Before we can wage the battle of right versus left, we must first fight the battle between right and wrong.  To Mr. Blakeman and to anyone looking to be a standard-bearer for the Nassau County Republican Party, I say the GOP is supposed to be the party of values.  It’s time to start acting like it.

Let us not forget Nassau County’s favorite son, Theodore Roosevelt, whose career reflected his statement upon becoming governor of New York: “I owe my position to the people, and to the people I shall hold myself accountable.”[2]  Roosevelt distinguished himself in New York’s history by taking on the party bosses.  The building behind me, the seat of our county government, is named after him, and his statue stands prominently in front of it.  What a sad irony.  His home county remains one of the last places in America where a single party boss is allowed to run roughshod over the people with the complicity of someone like my opponent.  If we don’t change our ways, we would be more honest if we took down this statue and changed the name of this building.

The people want fresh leadership, and we sorely need it—not just to make a fresh start, but to renew those first principles on which the American dream is built.  History teaches that power is to be used wisely and that freedom is fragile.  As President Reagan noted, “Freedom is never more than one generation away from extinction.  We didn’t pass it to our children in the bloodstream.  It must be fought for, protected, and handed on for them to do the same.”  This is ultimately why people like me run—because we care about our community, we understand the meaning of citizenship, we care about the Constitution that is so essential to protecting our freedom.

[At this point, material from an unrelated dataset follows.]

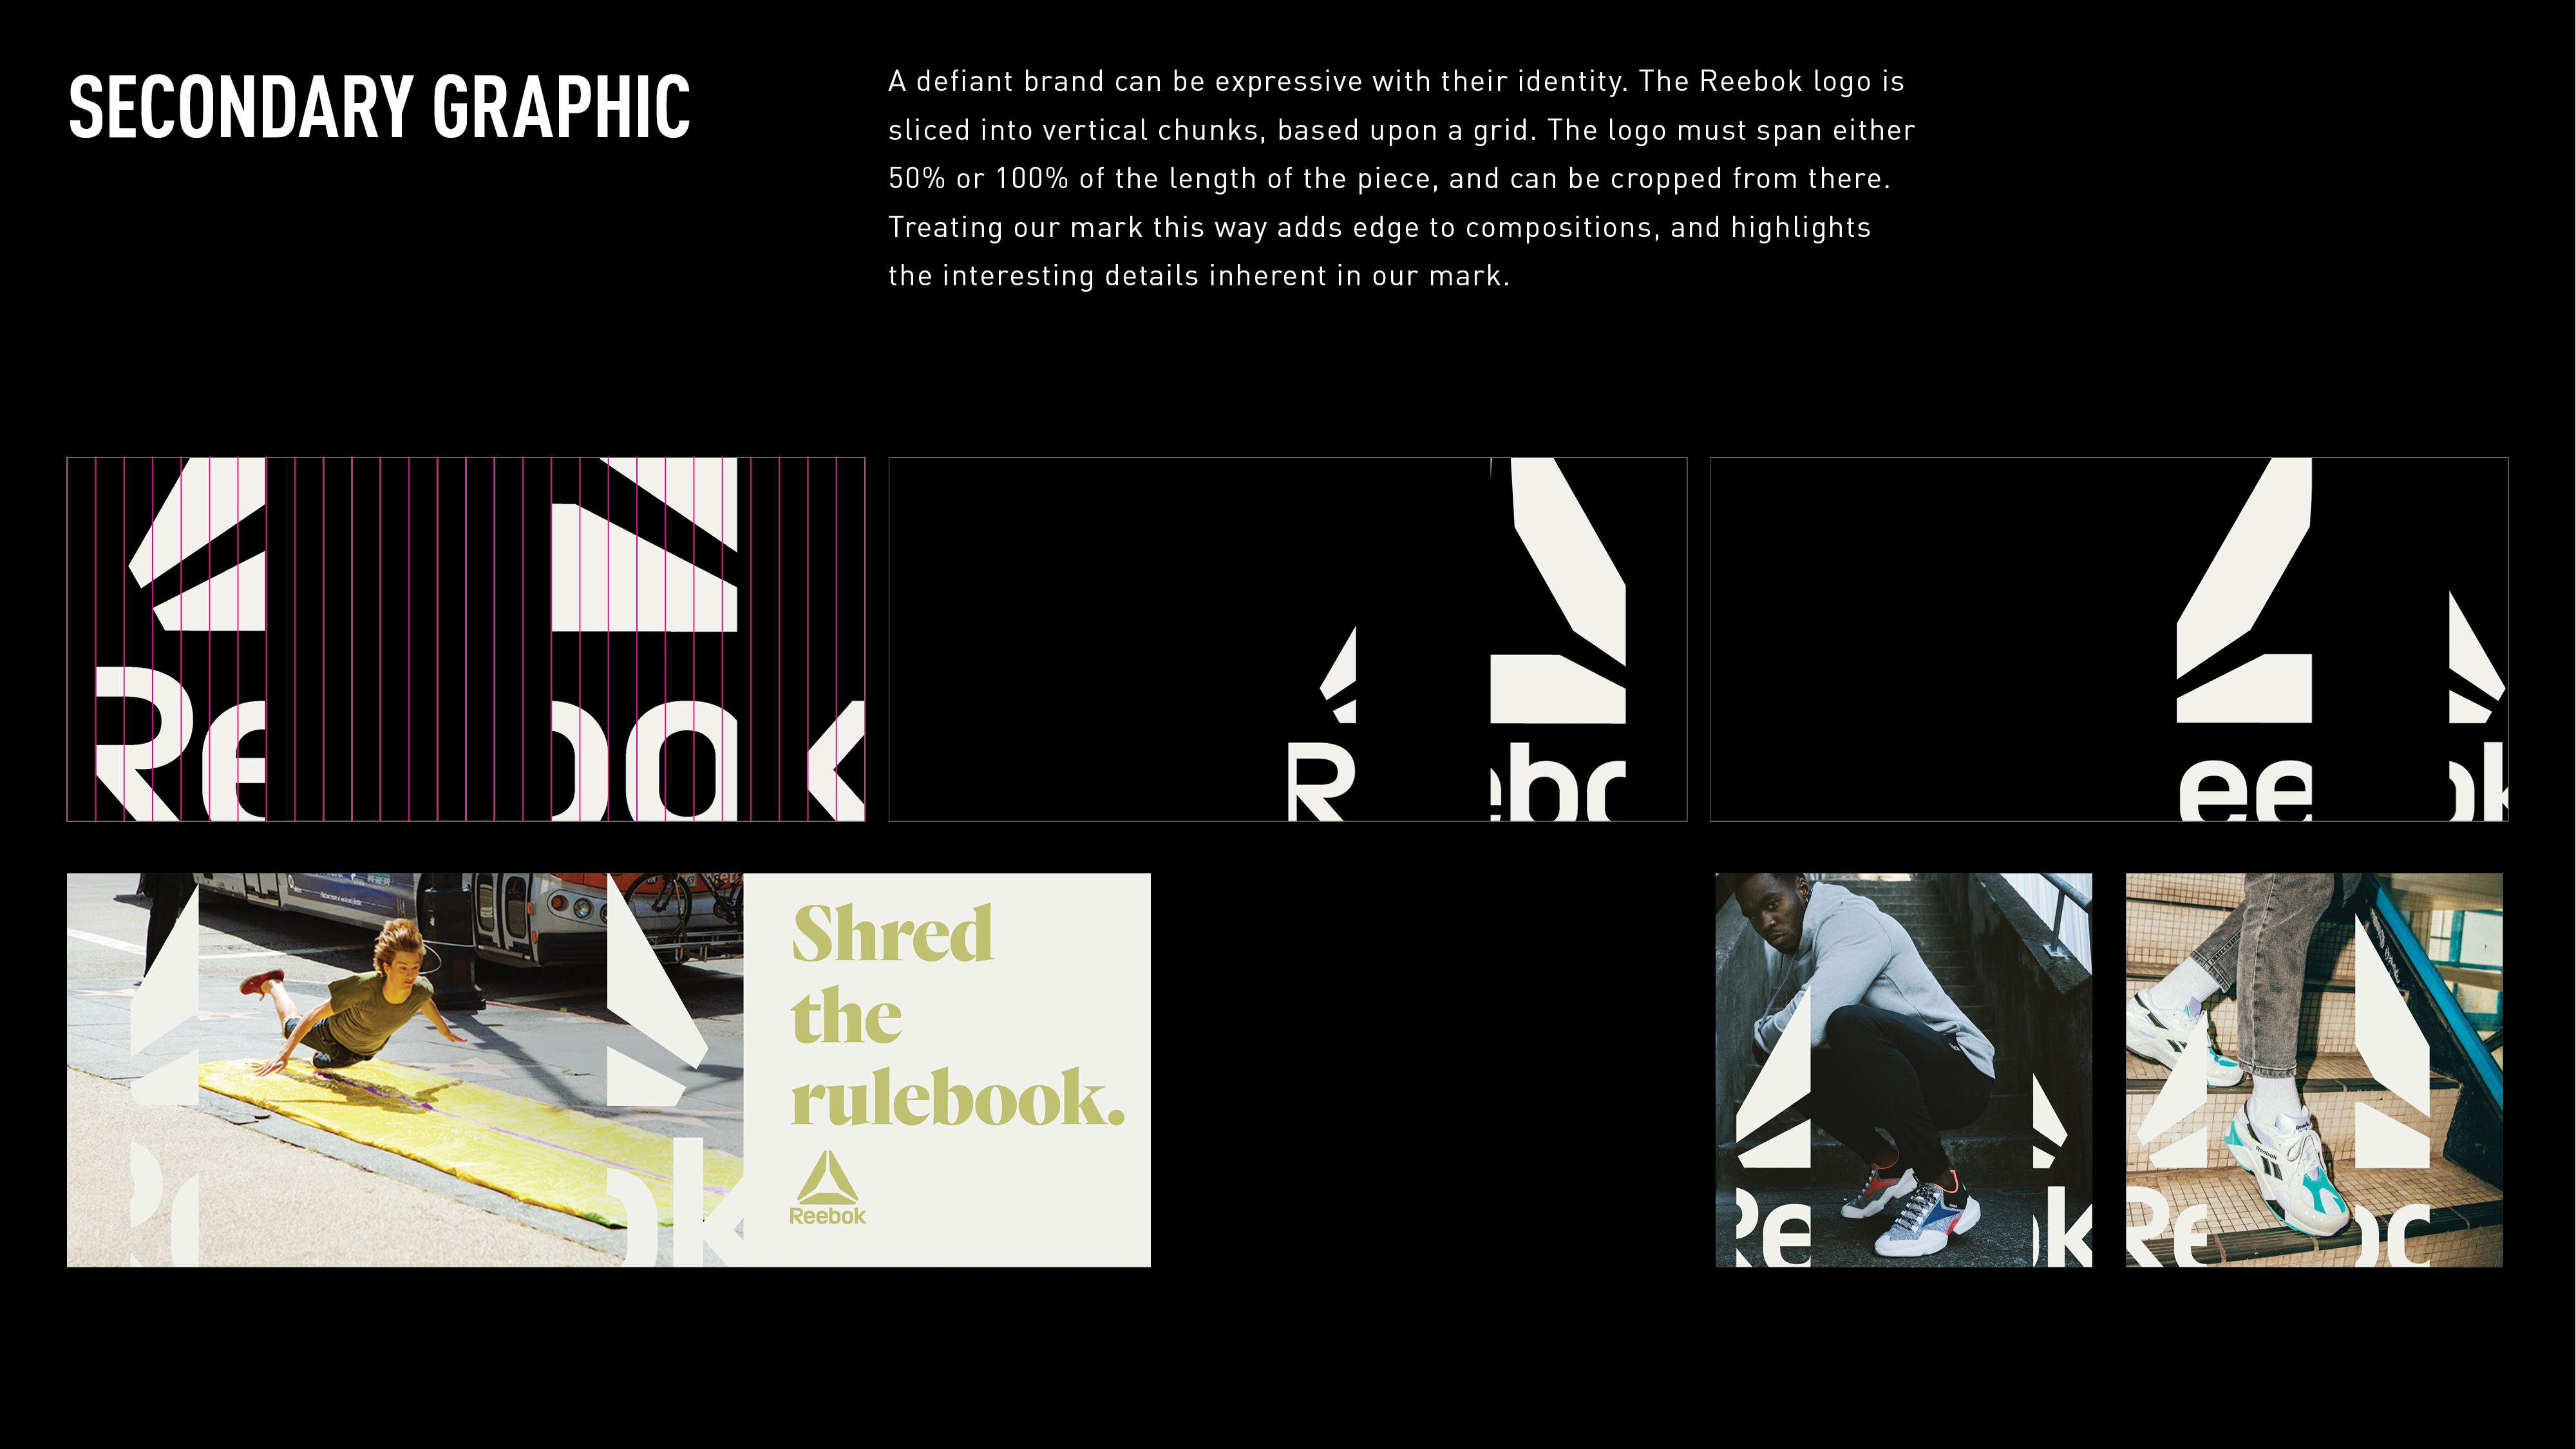 RBK_FW19_Design_Quarto_HRZ_CL_1920x1080_

It’s time to reclaim our future.  It’s time to empower those who work hard and play by the rules.  My opponent had his chance and did not stand up for you.  You know I will because I already have.  I’ve taken on the government before when it stepped out of line, and in this election, I’ll be up against candidates in the primary and the general election who have a vested interest in keeping things the way they are.  That’s what happens when you’re serious about real change.  On this Flag Day, we wave the flag because we believe this country’s best days are ahead of us.  But those days won’t come until people step up and do something about it.  No more excuses.  No more hiding from bullies.  No more nonsense.  It’s time for the people to rise up and tell their political leaders that enough is enough!  If others won’t do it, we will.  If others won’t stand up for freedom, we will.  We the people can once again be the masters of our own destiny.  So on June 24, send the message loud and clear: Government of the people, by the people, for the people is coming back to Nassau County!  And this November, we will take it all the way to Washington!  God bless you and thank you.



[1] Lincoln-Douglas debate at Alton, 10/15/1858.

[2] Edmund Morris, The Rise of Theodore Roosevelt, p. 714 (1979).